Credit unions may be another source of loans during tight credit times. Less than one-third of credit unions make business loans, but they are the fastest-growing loan product at those that offer them, shooting up 10 percent last year, says Pat Keefe, vice president of communications, of the Credit Union National Association.

Credit unions are financial institutions formed by an organized group of people with a common bond. Credit union “customers” are actually members who own shares of the credit union and pool their assets to provide loans and other financial services to one another. Unlike banks, credit unions are not-for-profit, owned by members and mostly operated by volunteer boards.

Business owners usually need to be credit union members to obtain loans. Membership criteria vary, but most credit unions allow the immediate family of members to join. Being a member of some churches, social, professional and civic groups may give you entree to a credit union. And more than one-third of credit unions have “community charters,” which allow them to serve specific geographic areas.

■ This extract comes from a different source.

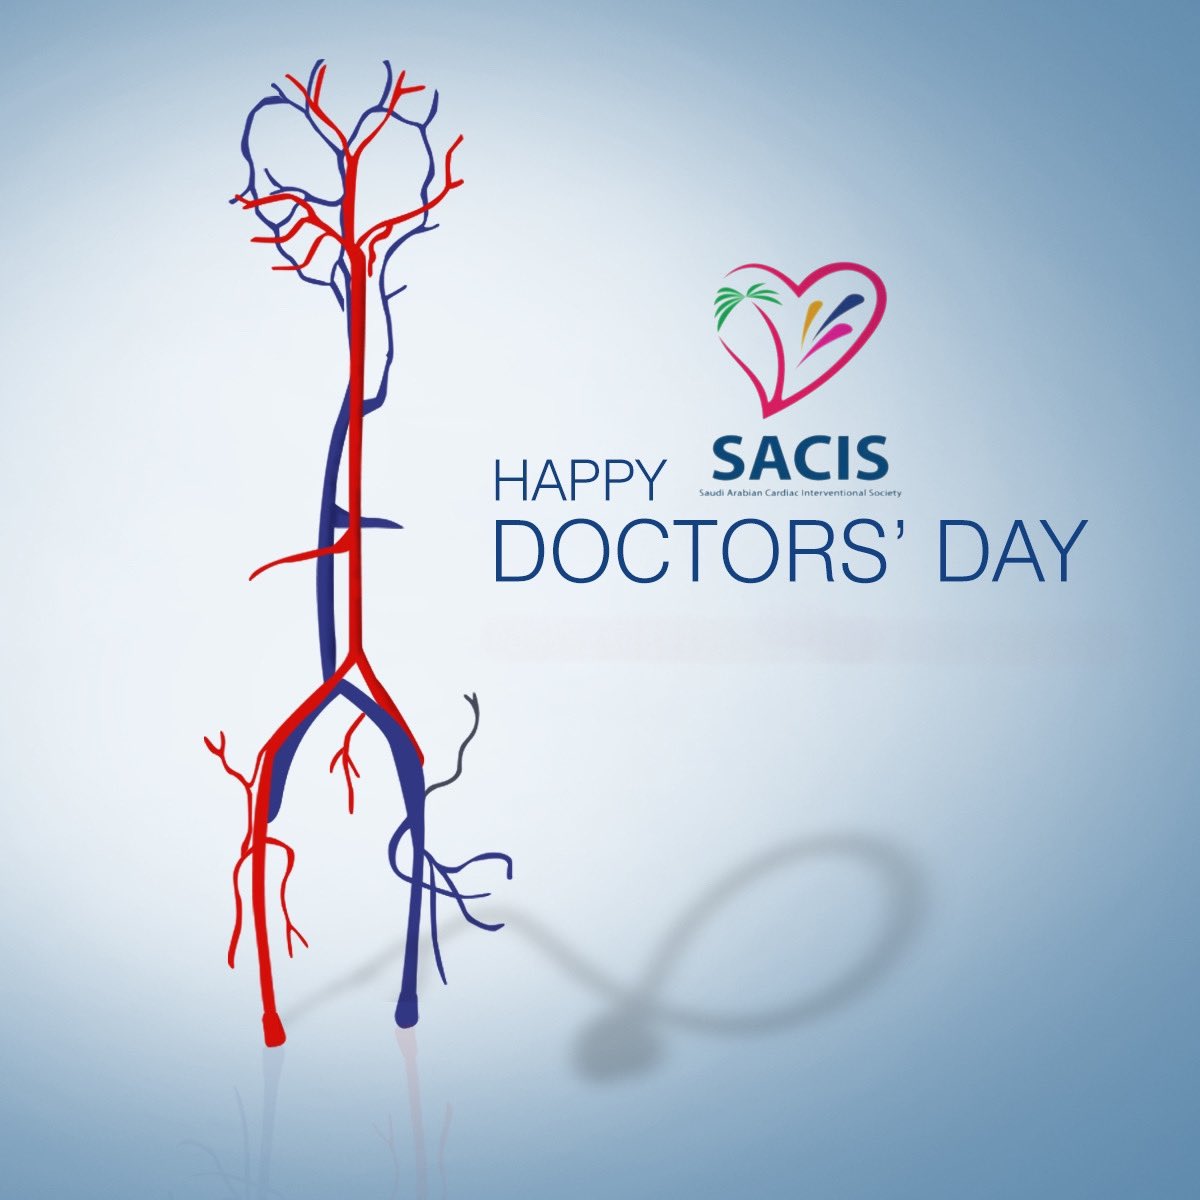 As we celebrate #DoctorsDay SACIS extends its gratitude to all #cardiologists and healthcare team members who save lives & limbs everyday Your commitment is driving the field and we thank you for all you do! 🩺#InterventionalCardiology

To get a loan from a credit union, business owners need to be well-prepared. “Credit unions, as cooperatives, are very concerned about limiting risk to their member-owned, cooperative institutions,” Keefe says. “As a result, particularly in business lending, credit unions are careful lenders–they have rigorous underwriting standards and rely on experienced staff in business lending to guide their decisions.”

Not surprisingly, credit unions report fewer charge-offs than banks: 0.59 percent vs. 2.36 percent in 2009. However, they are interested in making loans. CUNA surveys show that credit unions become involved in business lending to offer more services to members, to respond to interest from members and to stimulate loan growth.

The average amount of a credit union business loan is $220,000, and credit unions are limited in the amount of business loans they can make, which may not exceed 12.25 percent of their asset base. Legislation is pending in the House of Representatives and Senate that would increase that cap to 25 percent.

General business services tend to be limited at credit unions, Keefe says. Most offer basic deposit services such as free or low-balance checking, savings accounts and money market accounts. However, less than half offer specific business checking or premium business checking options. Services such as sweep accounts and account analysis indicate that only a few credit unions are serving larger, more complex businesses.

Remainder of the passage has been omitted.